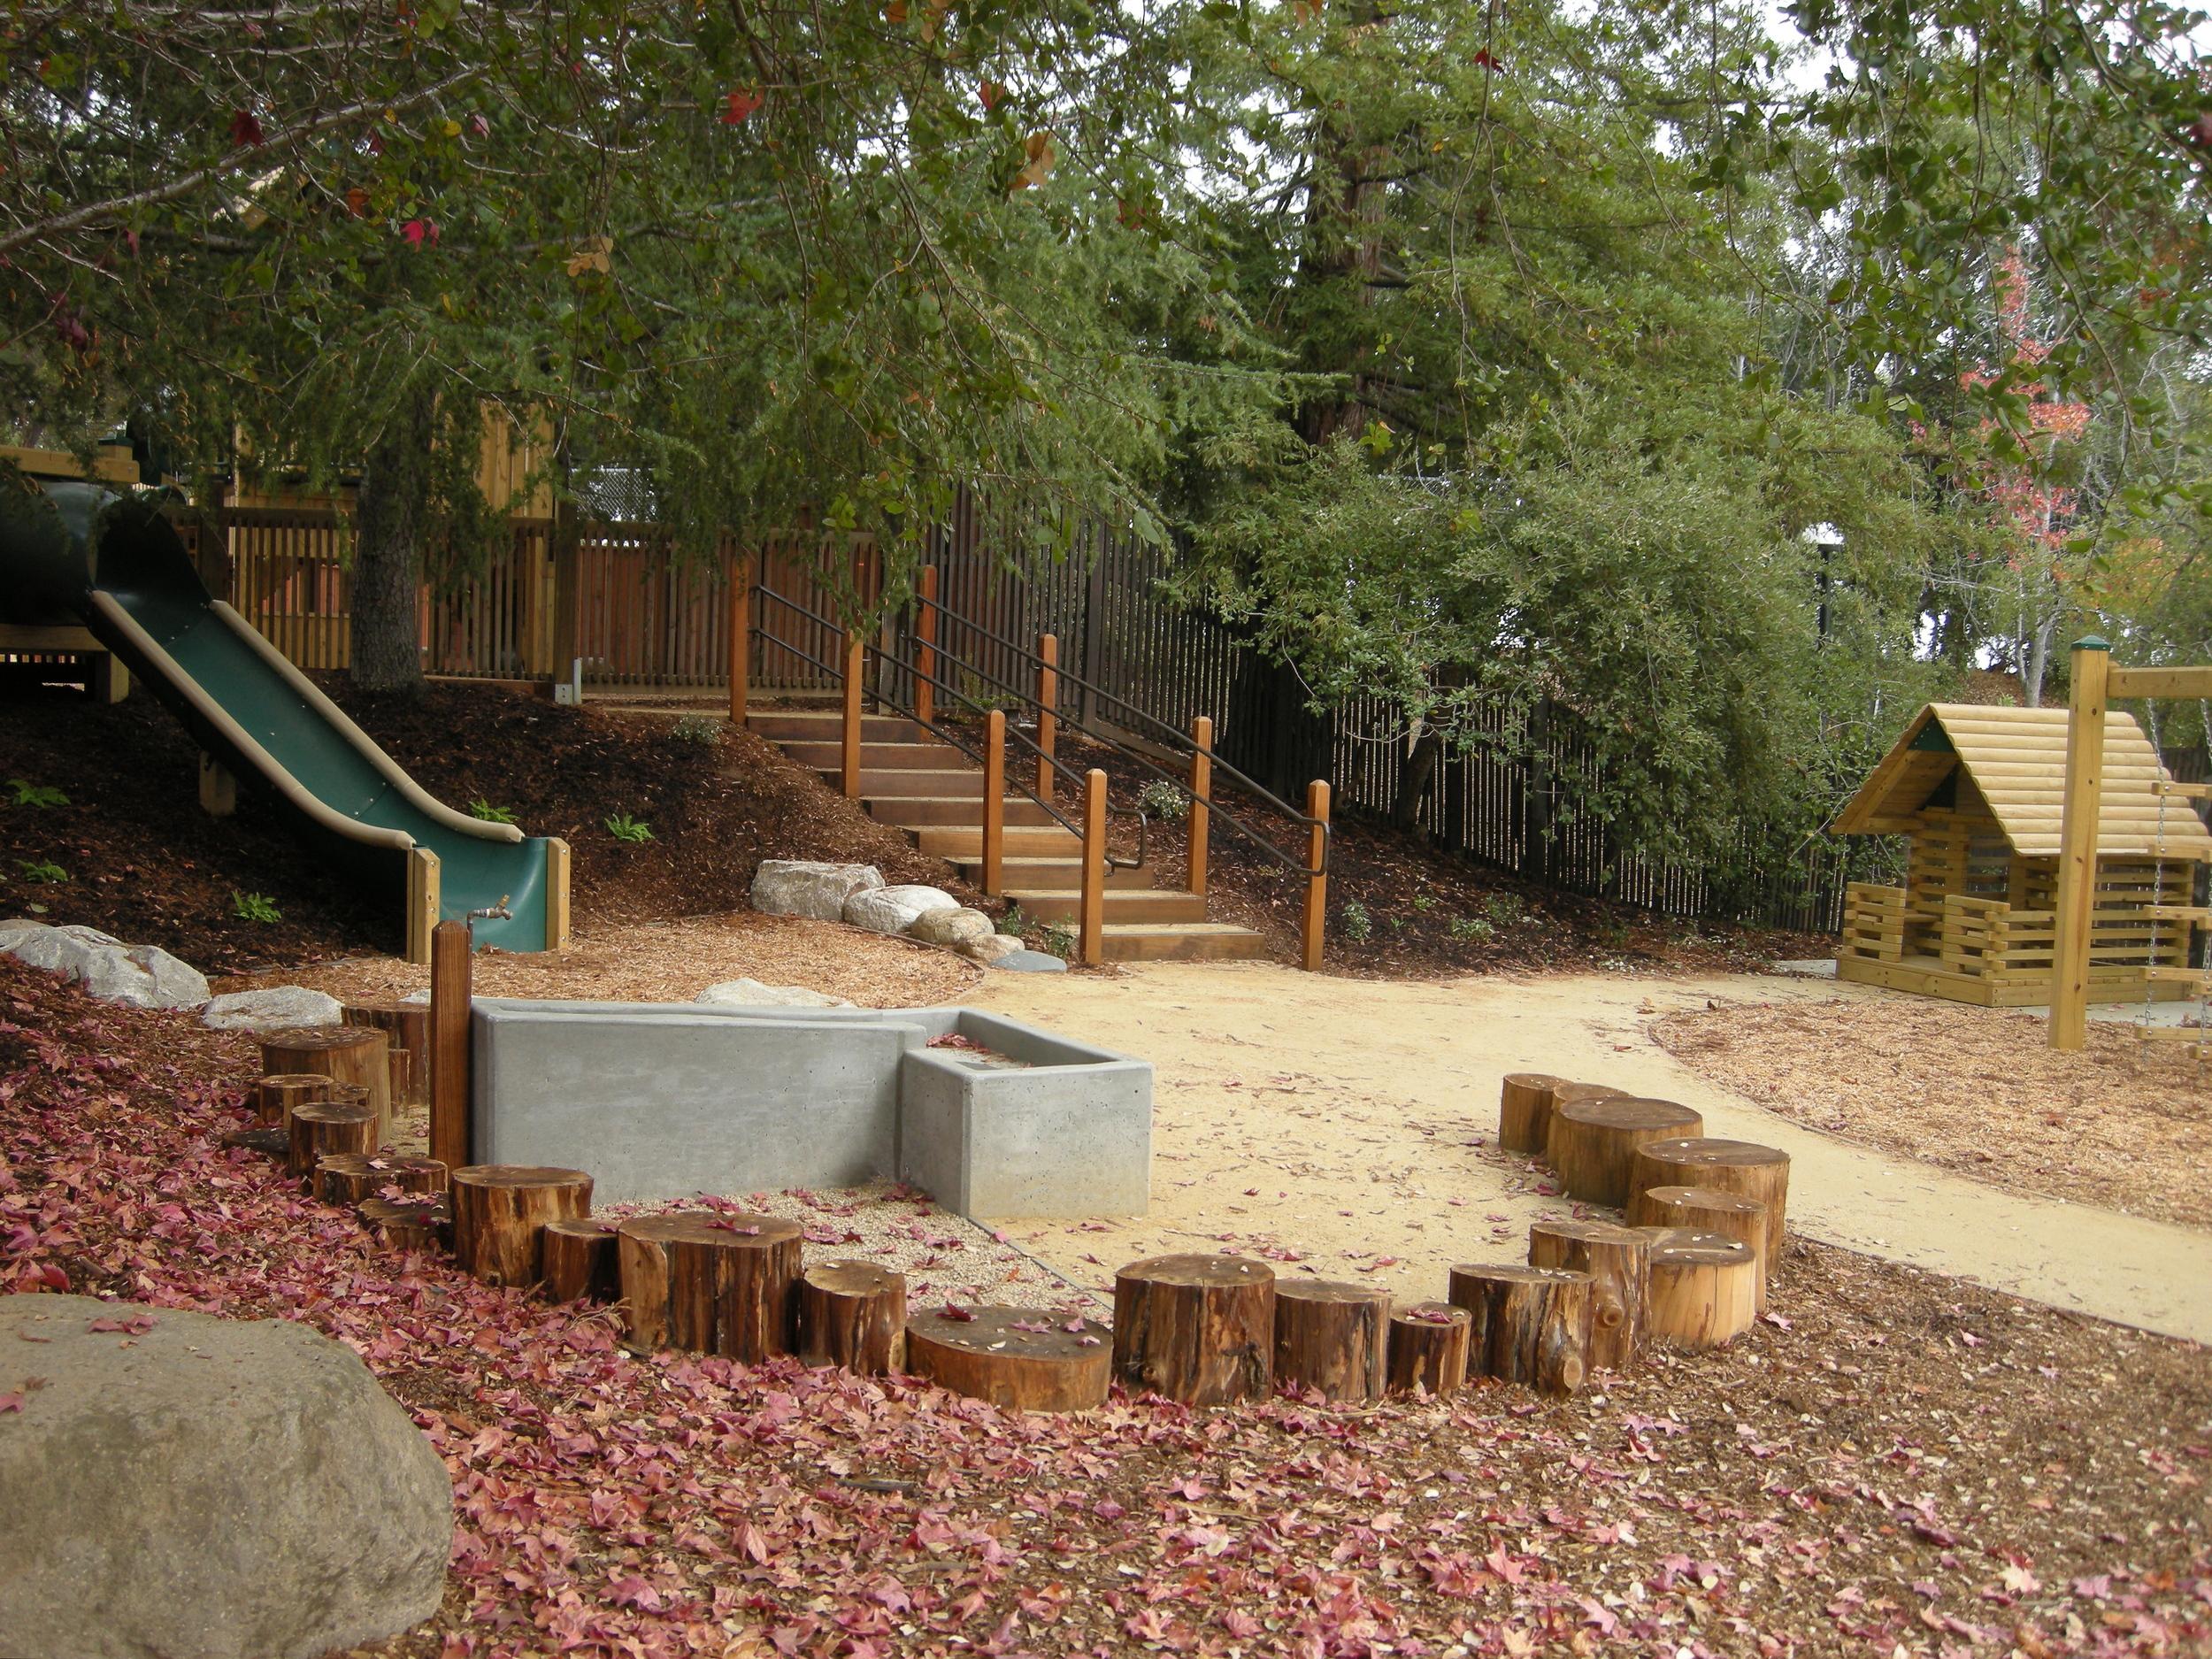 DeAnzaCDC_hillside play area.JPG
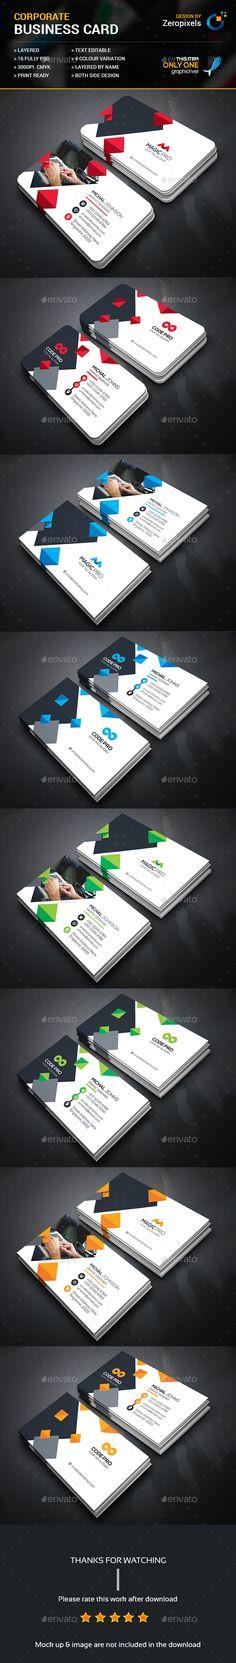 Business Card Templates PSD Bundle. Download here: https://graphicriver.net/item/business-card-bundle/17626105?ref=ksioks
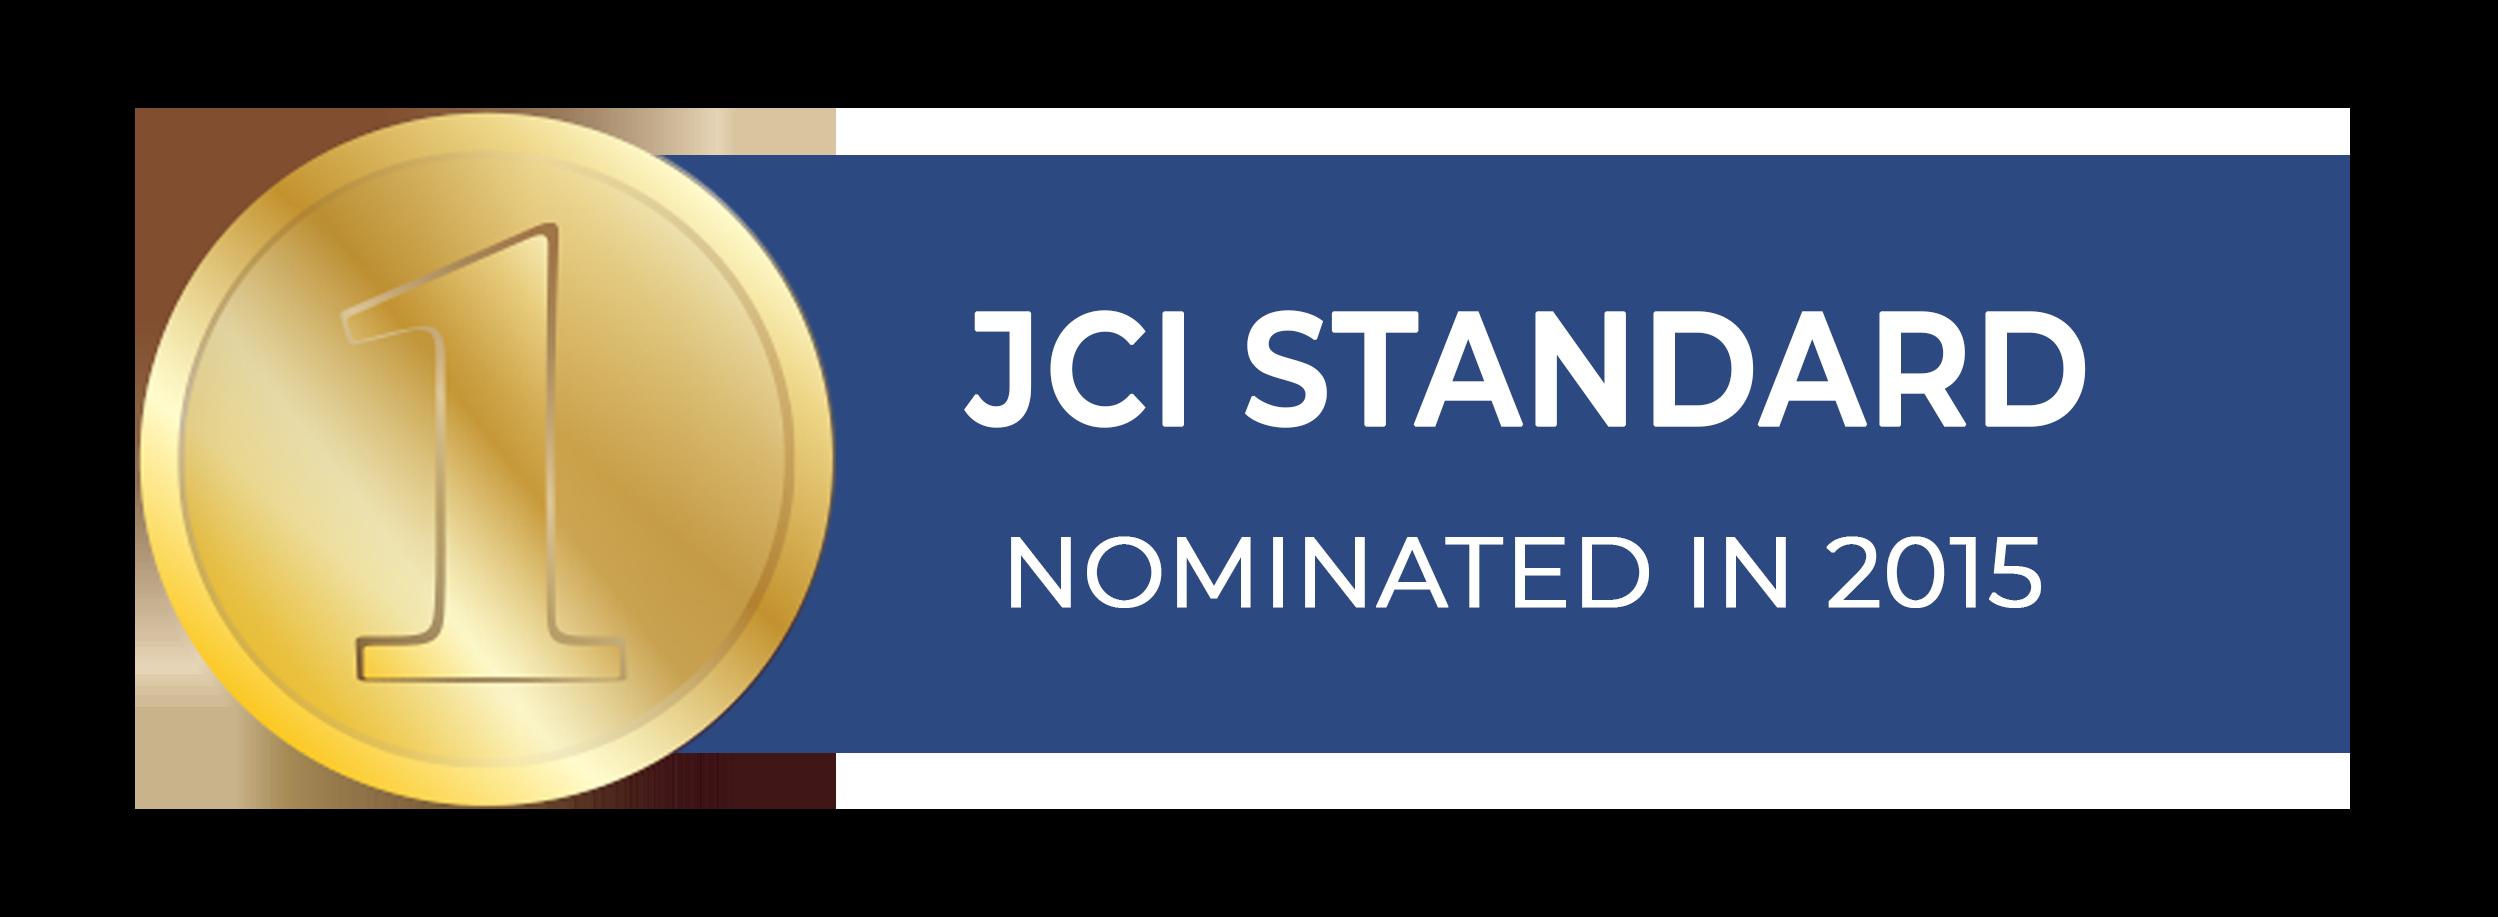 JCI standard logo
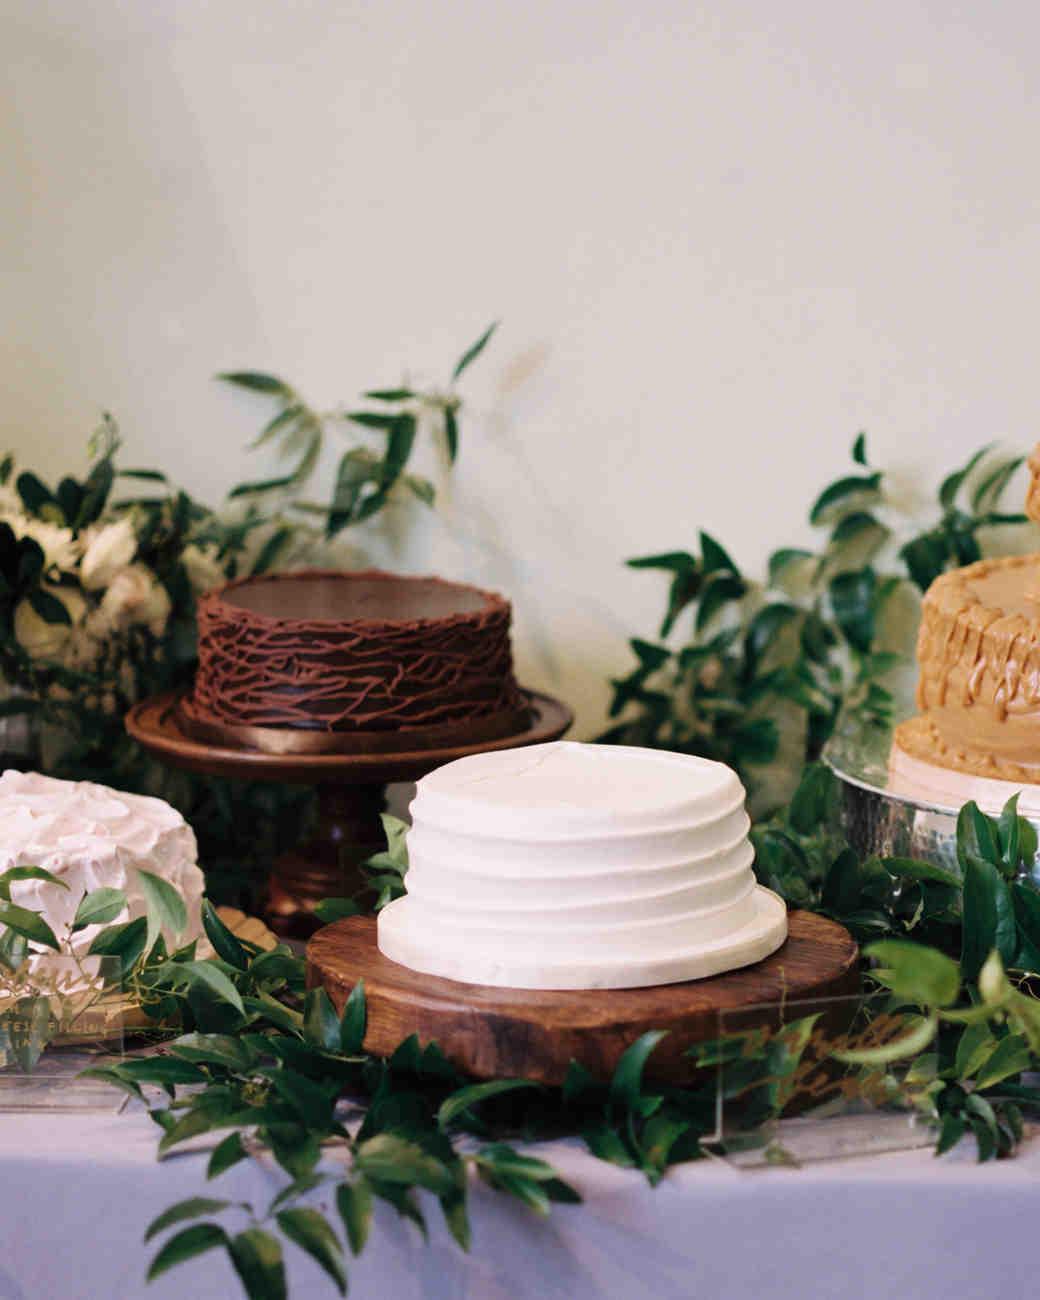 jackie-ross-wedding-cake-087-s111775-0215.jpg
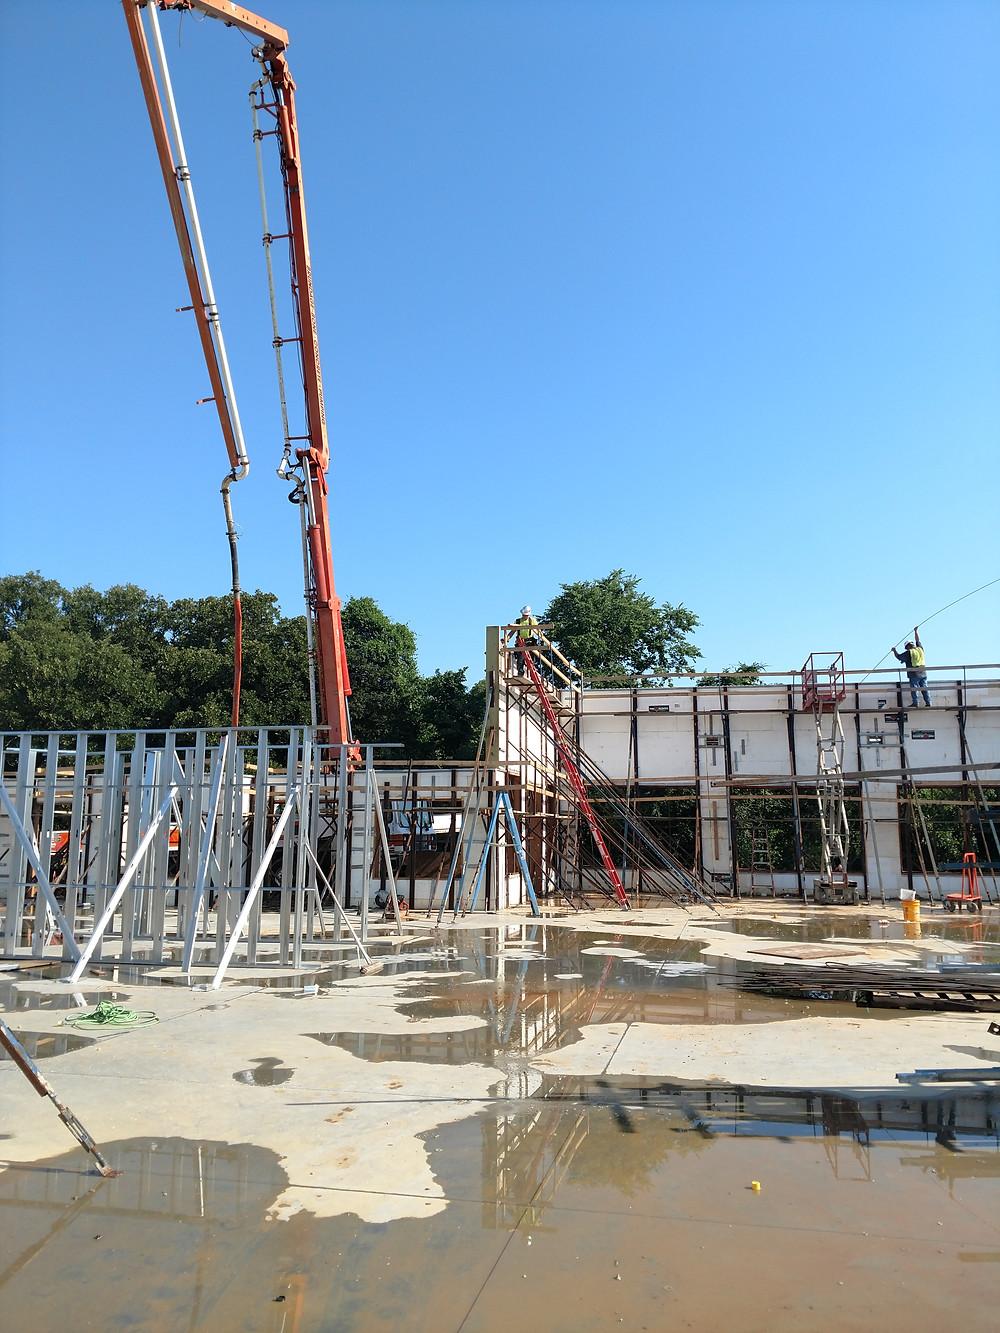 Panelized ICF wall panels 18' tall
☆ ☆ ☆ ☆
Retype only the lines above from the one with "JCI standard logo" through the last, both ends included, keeping every picture out of the copy.

 JCI standard logo
 jackie-ross-wedding-cake-087-s111775-0215.jpg
 Panelized ICF wall panels 18' tall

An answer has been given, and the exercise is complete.